A pragmatic compromise: start with CMDB as inventory for non-production environments where the cost of inaccuracy is low, fix CMDB through the feedback loop, and graduate to prod only when you have a clean reconciliation report.
3.1 Caching to survive ServiceNow rate limits
ServiceNow’s REST API is not designed for bursty inventory queries. With more than ~5,000 CIs and frequent AAP job runs, you will hit rate limits or timeouts. Configure aggressive inventory caching:
# ansible.cfg or inventory.yml
[inventory]
cache = true
cache_plugin = jsonfile
cache_timeout = 1800
cache_connection = /var/cache/ansible/inventory
cache_prefix = snow_
For AAP, the inventory source has an “update on launch” toggle. Disable it for fast-running playbooks; use a scheduled inventory sync (every 15-30 minutes) instead. A stale-by-15-minutes inventory is acceptable; an inventory sync that takes 4 minutes before every job run is not.
4. The CHG-gate pattern
This is the most important pattern in this lesson. The rule is:
Every production job template’s first play, before
gather_facts, validates the CHG ticket. If the validation fails, the job fails. There is no override flag.
Job templates expose a survey field change_request_number (string, required, regex ^CHG\d{7,}$).
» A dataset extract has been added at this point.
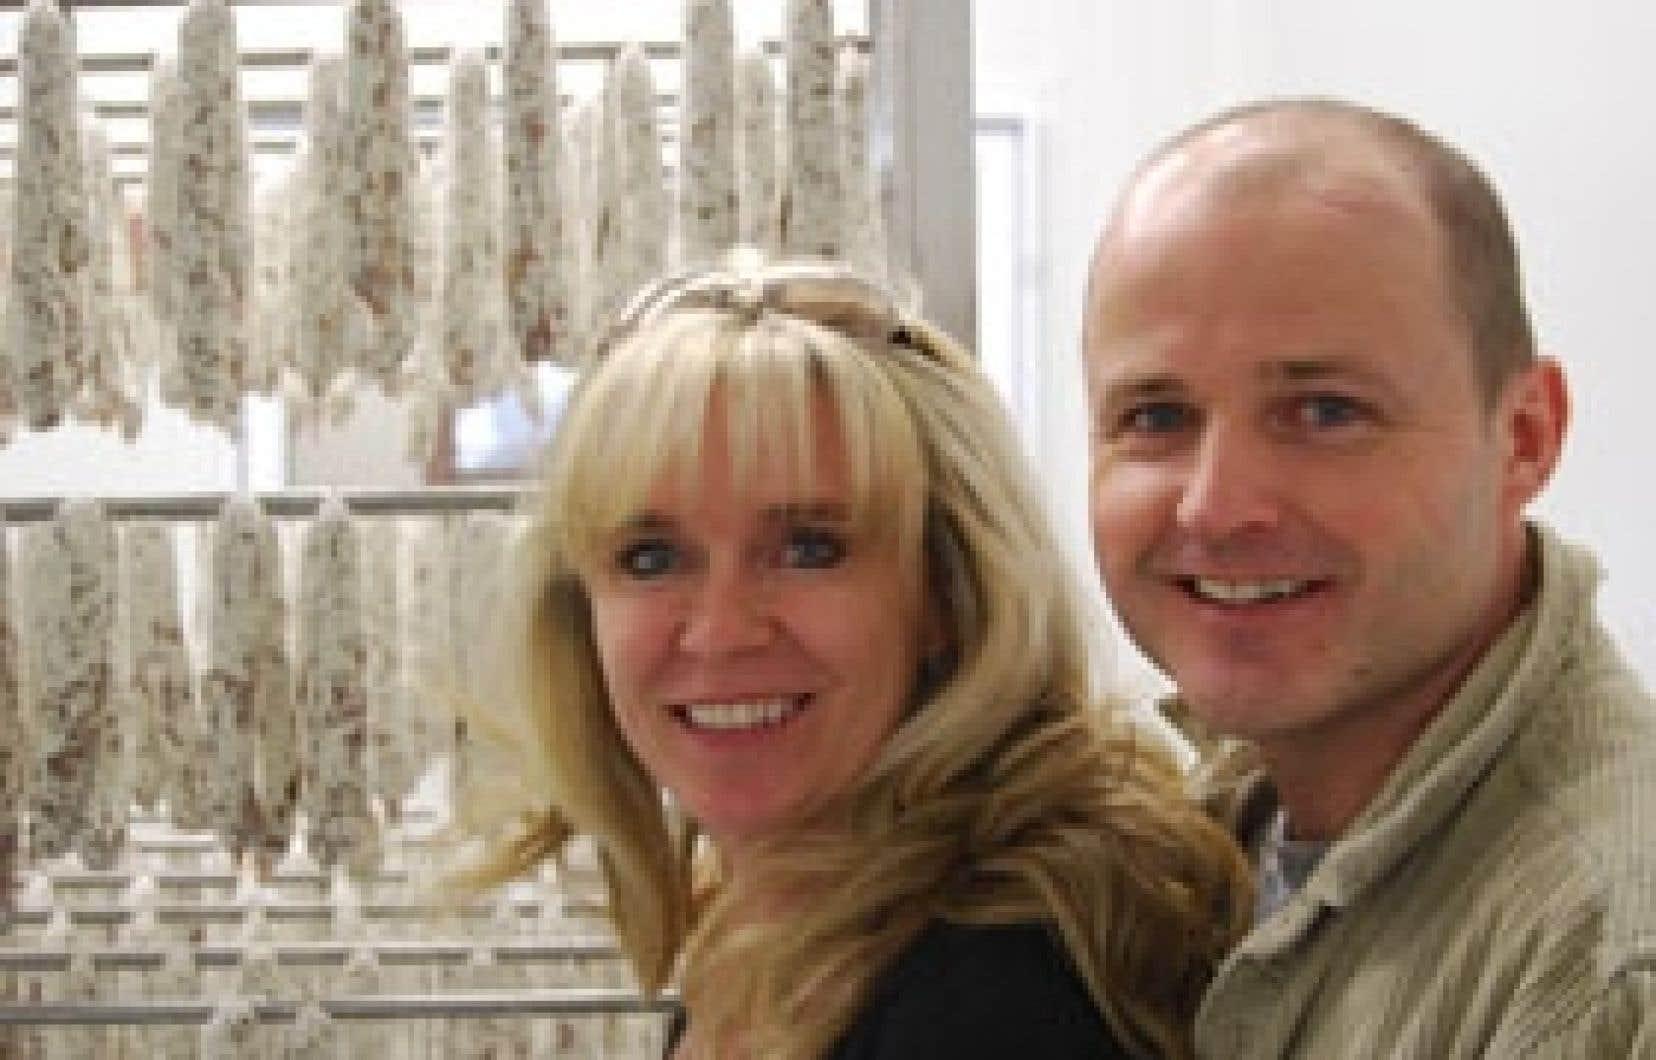 Damien Girard et sa conjointe Natasha McNicoll. En créant la première usine artisanale adaptée aux nouvelles technologies et sciences de l'alimentation, Girard prouve qu'il est possible d'allier tradition et développement durable.
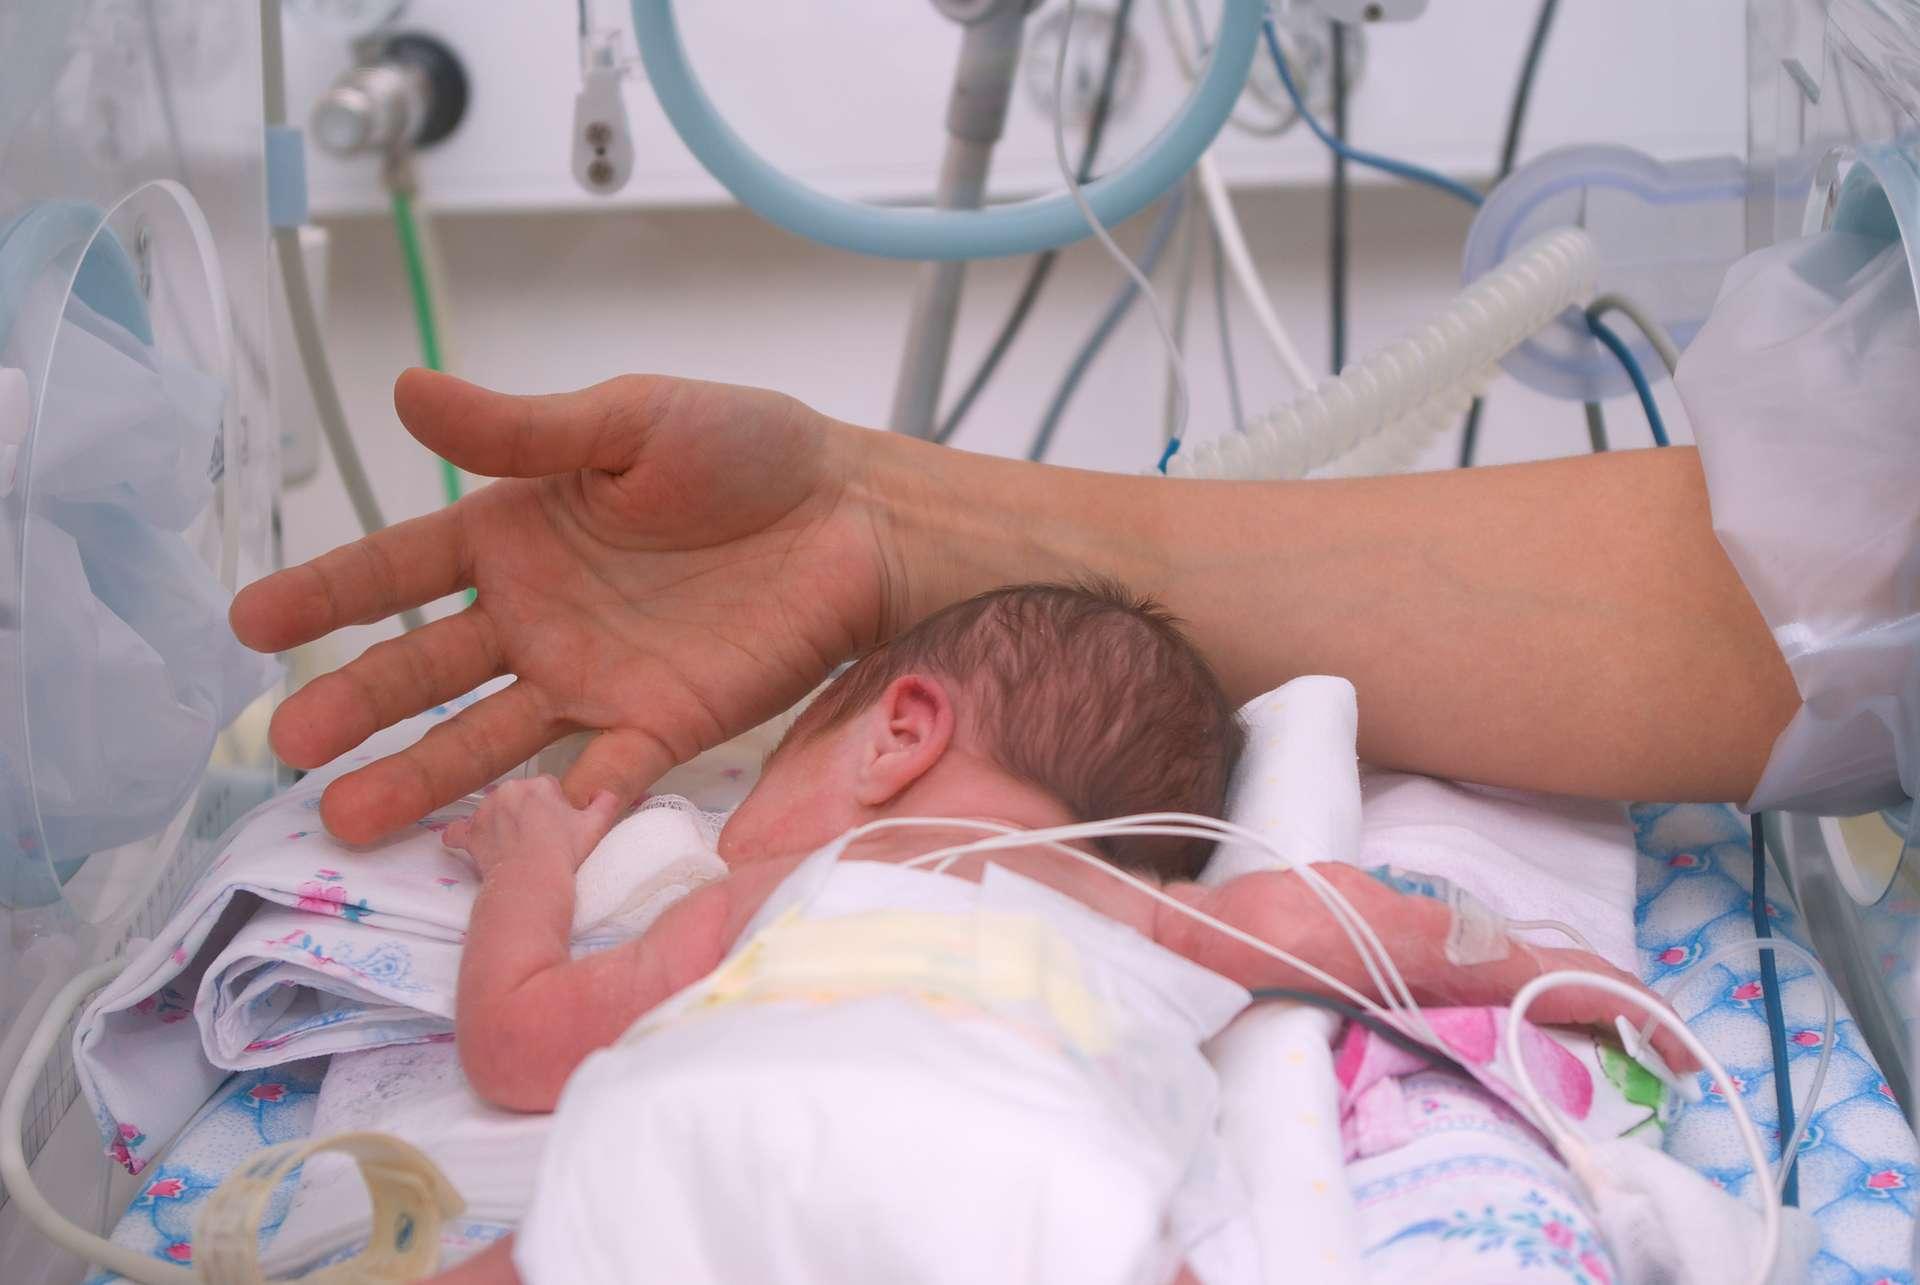 Un nourrissons est considéré comme prématuré quand il nait avant 8 mois et demie de grossesse ou moins. © Fanfo, Adobe Stock

The first play looks like this:
---
- name: Pre-flight CHG validation
hosts: localhost
gather_facts: false
connection: local
tasks:
- name: Look up the change request
servicenow.itsm.change_request_info:
number: "{{ change_request_number }}"
register: chg_lookup
no_log: false # the CHG metadata itself is not secret
- name: Fail-closed if CHG not found
ansible.builtin.fail:
msg: "CHG {{ change_request_number }} does not exist."
when: chg_lookup.records | length == 0
- name: Capture the CHG record
ansible.builtin.set_fact:
chg: "{{ chg_lookup.records[0] }}"
- name: Fail-closed if CHG state is not Scheduled or Implement
ansible.builtin.fail:
msg: >
CHG {{ chg.number }} is in state '{{ chg.state }}'.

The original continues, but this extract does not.